## Exercise requirements
Output, word for word, each line from the one with "Nữ y tá xinh" through the end of the listing below, excluding every picture.

## Source data
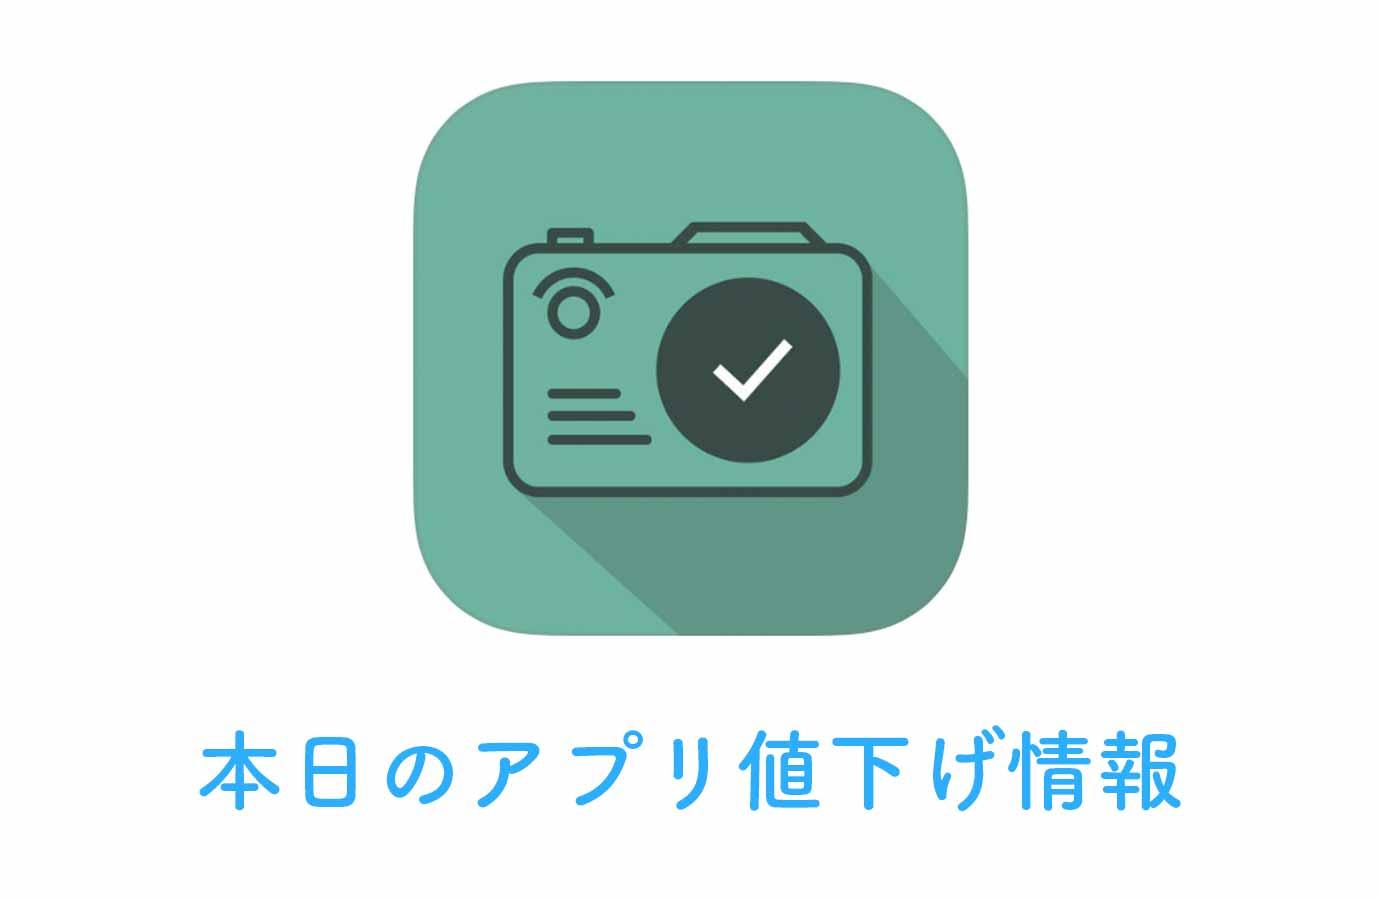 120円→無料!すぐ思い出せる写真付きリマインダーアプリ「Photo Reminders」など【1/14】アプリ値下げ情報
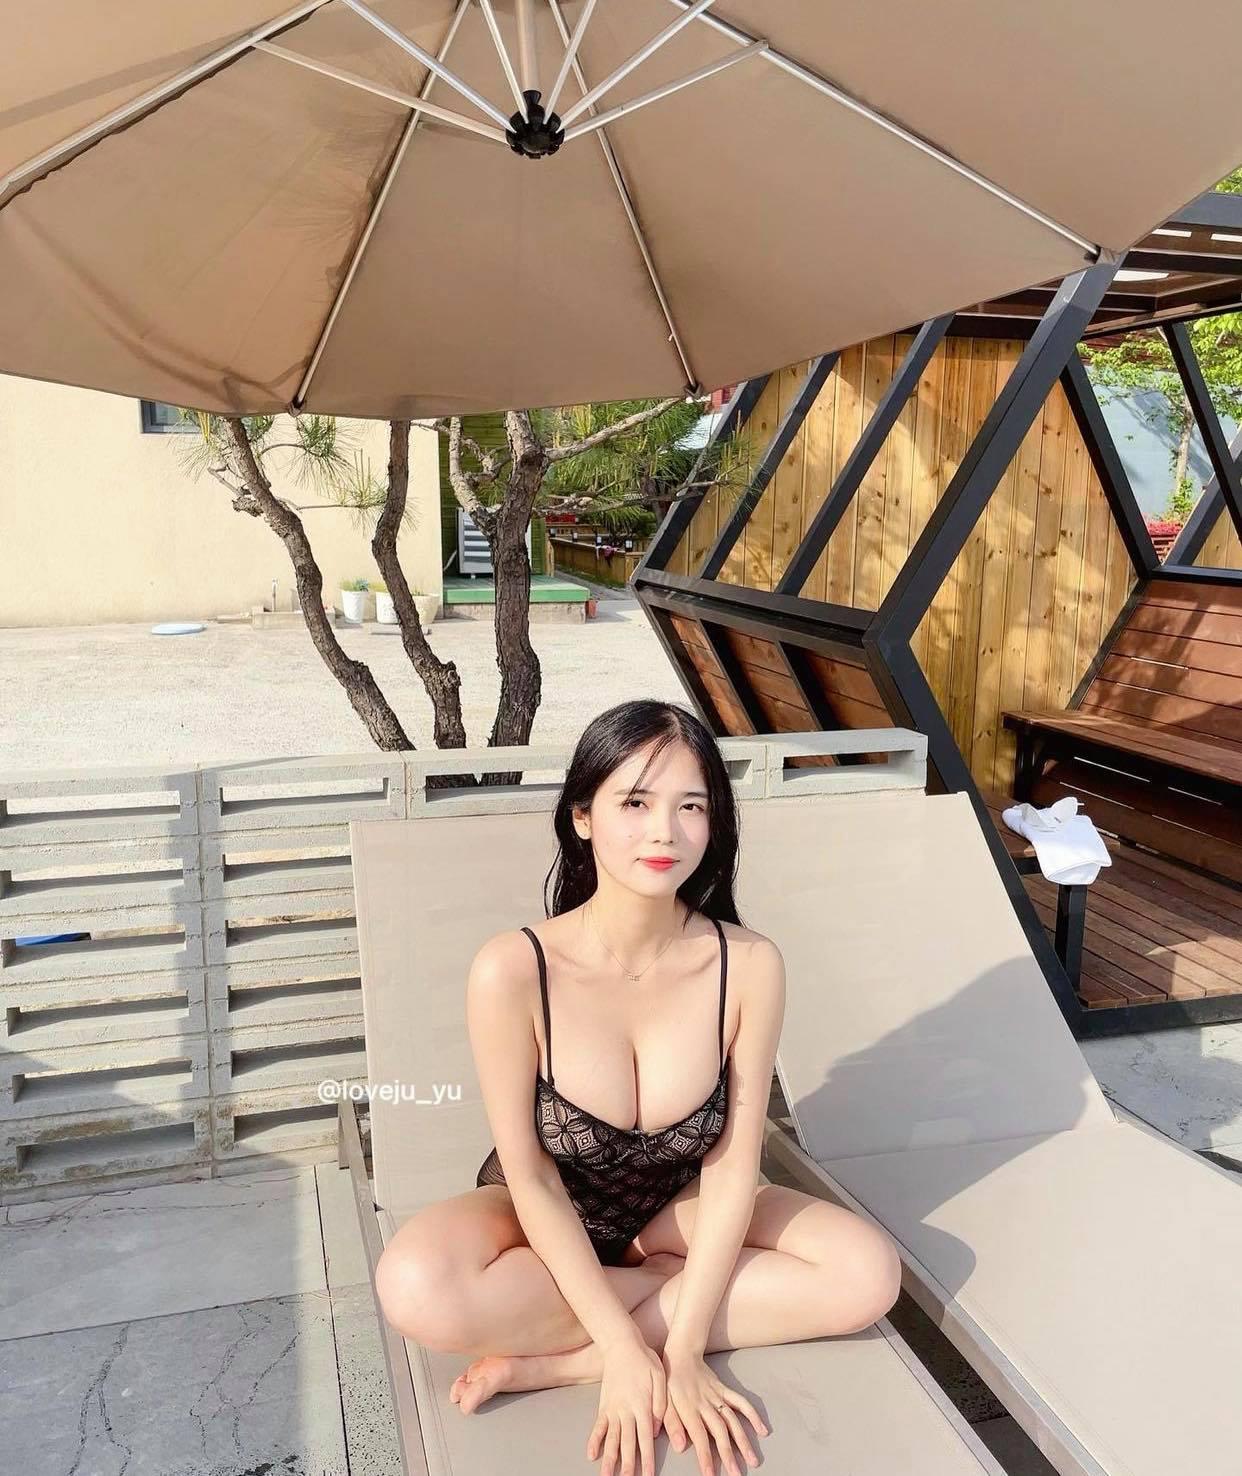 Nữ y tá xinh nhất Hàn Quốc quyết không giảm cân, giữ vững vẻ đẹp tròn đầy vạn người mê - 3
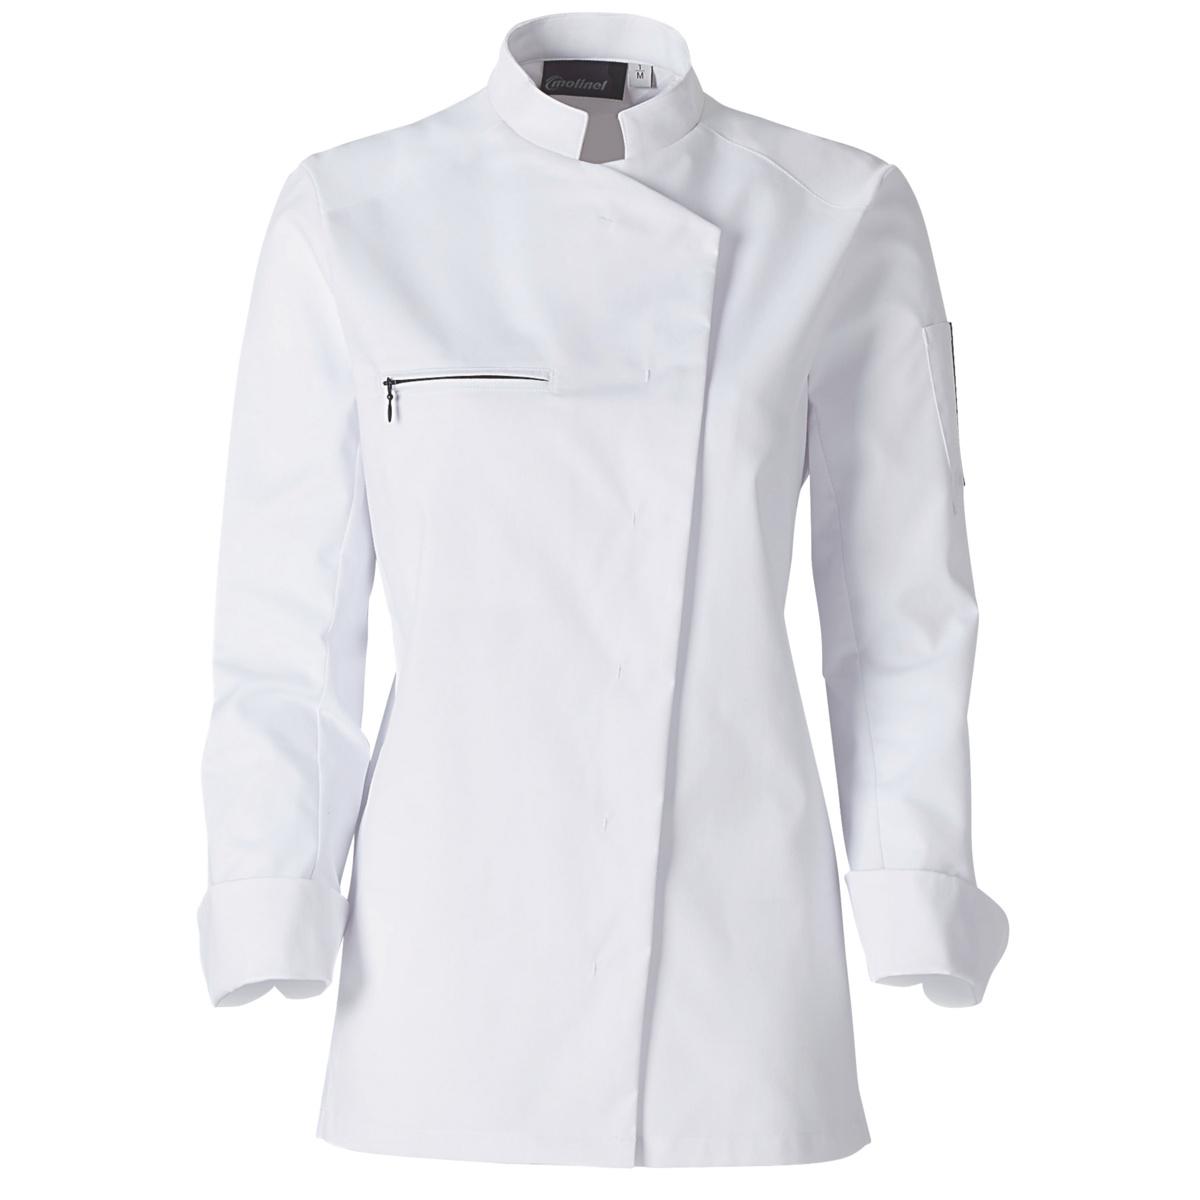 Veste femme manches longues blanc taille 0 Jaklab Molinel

## Result
 Nữ y tá xinh nhất Hàn Quốc quyết không giảm cân, giữ vững vẻ đẹp tròn đầy vạn người mê - 3
 Veste femme manches longues blanc taille 0 Jaklab Molinel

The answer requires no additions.